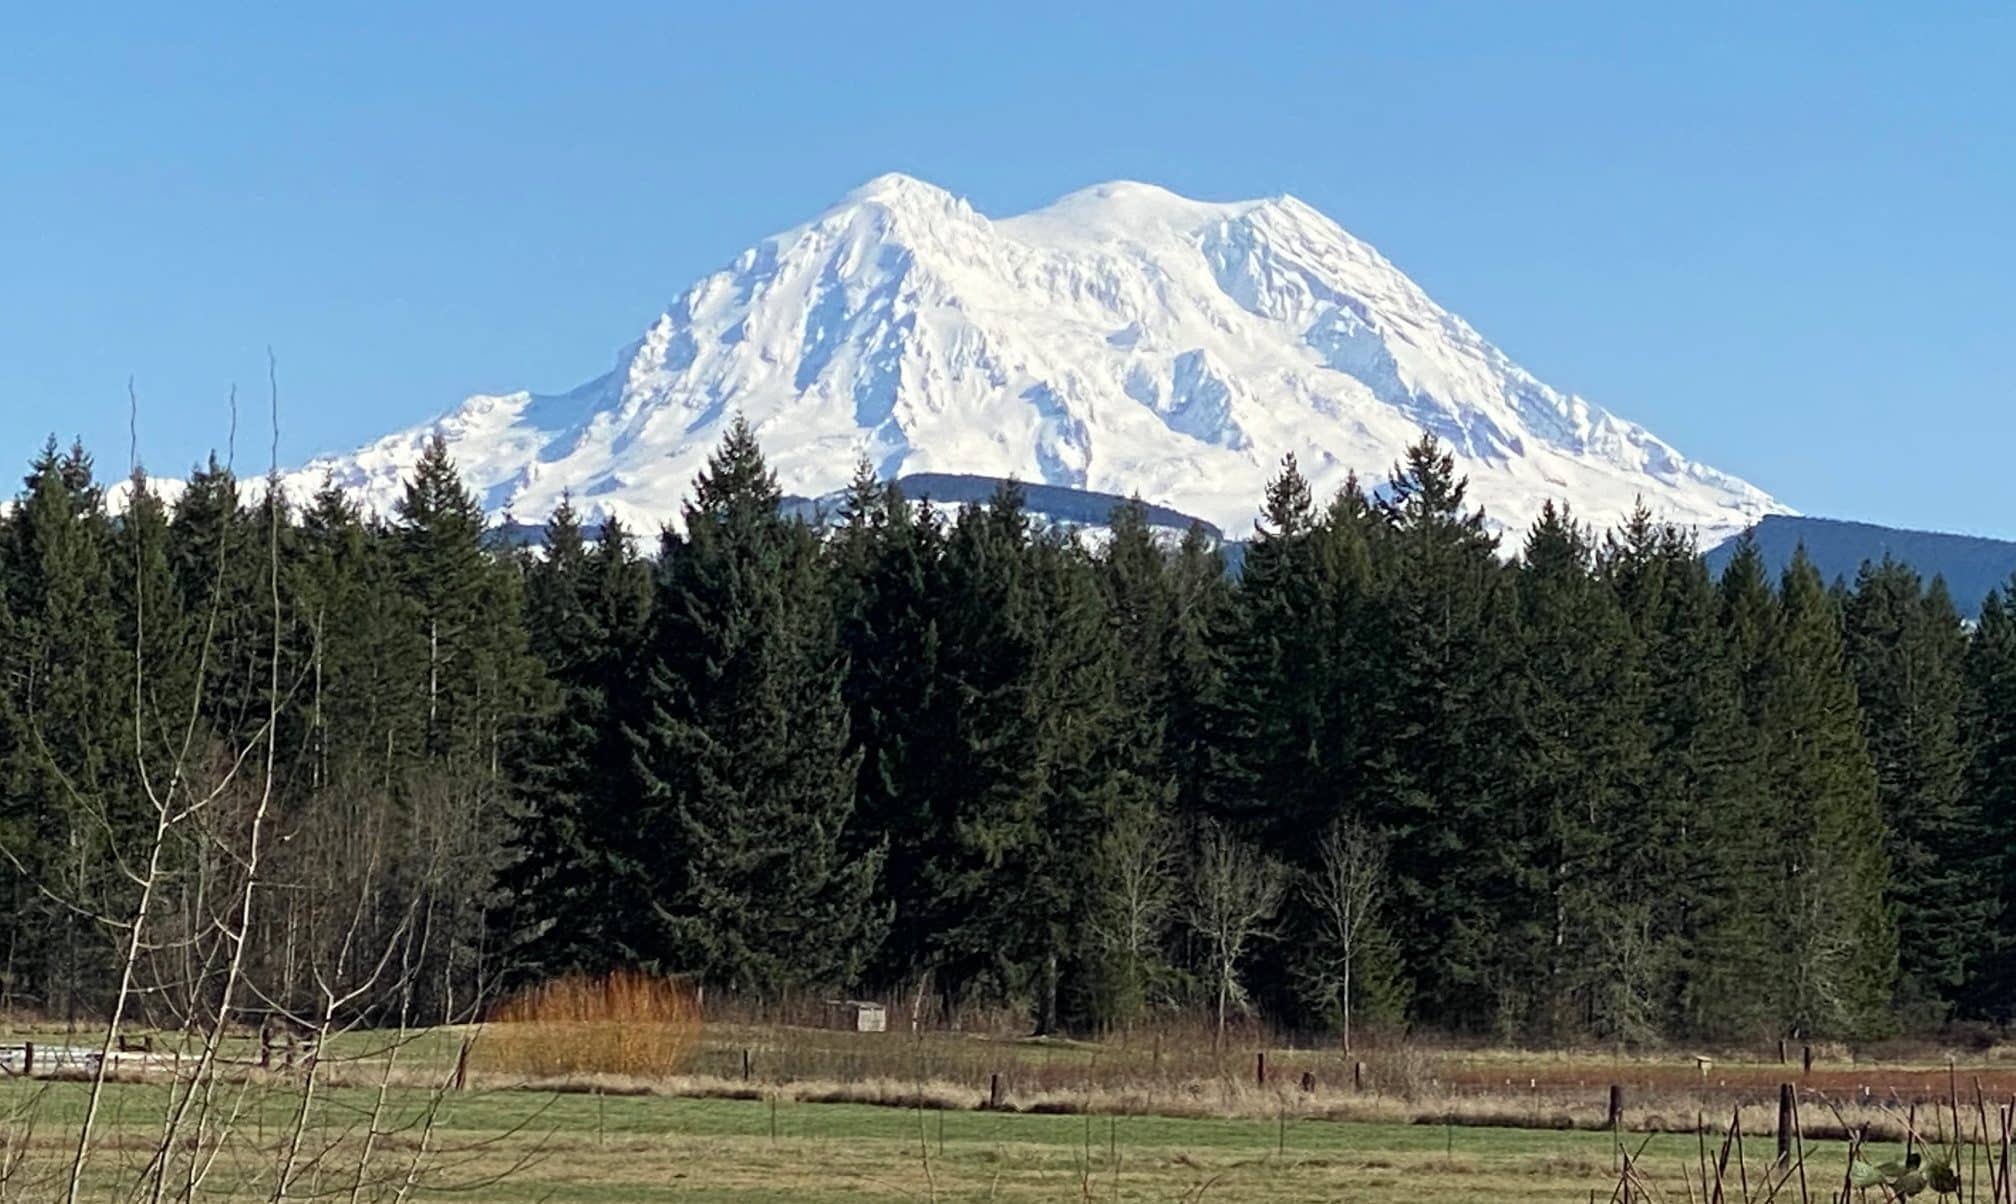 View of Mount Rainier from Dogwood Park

...

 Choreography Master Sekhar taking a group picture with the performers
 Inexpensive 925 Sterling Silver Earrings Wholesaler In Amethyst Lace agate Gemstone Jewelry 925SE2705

Problem description: Of all the entries above, repeat only the lines from the line that has "Choreography Master Sekhar" to the line that has "Inexpensive 925 Sterling", both lines included, exactly.

Written response:
 Choreography Master Sekhar taking a group picture with the performers
 Inexpensive 925 Sterling Silver Earrings Wholesaler In Amethyst Lace agate Gemstone Jewelry 925SE2705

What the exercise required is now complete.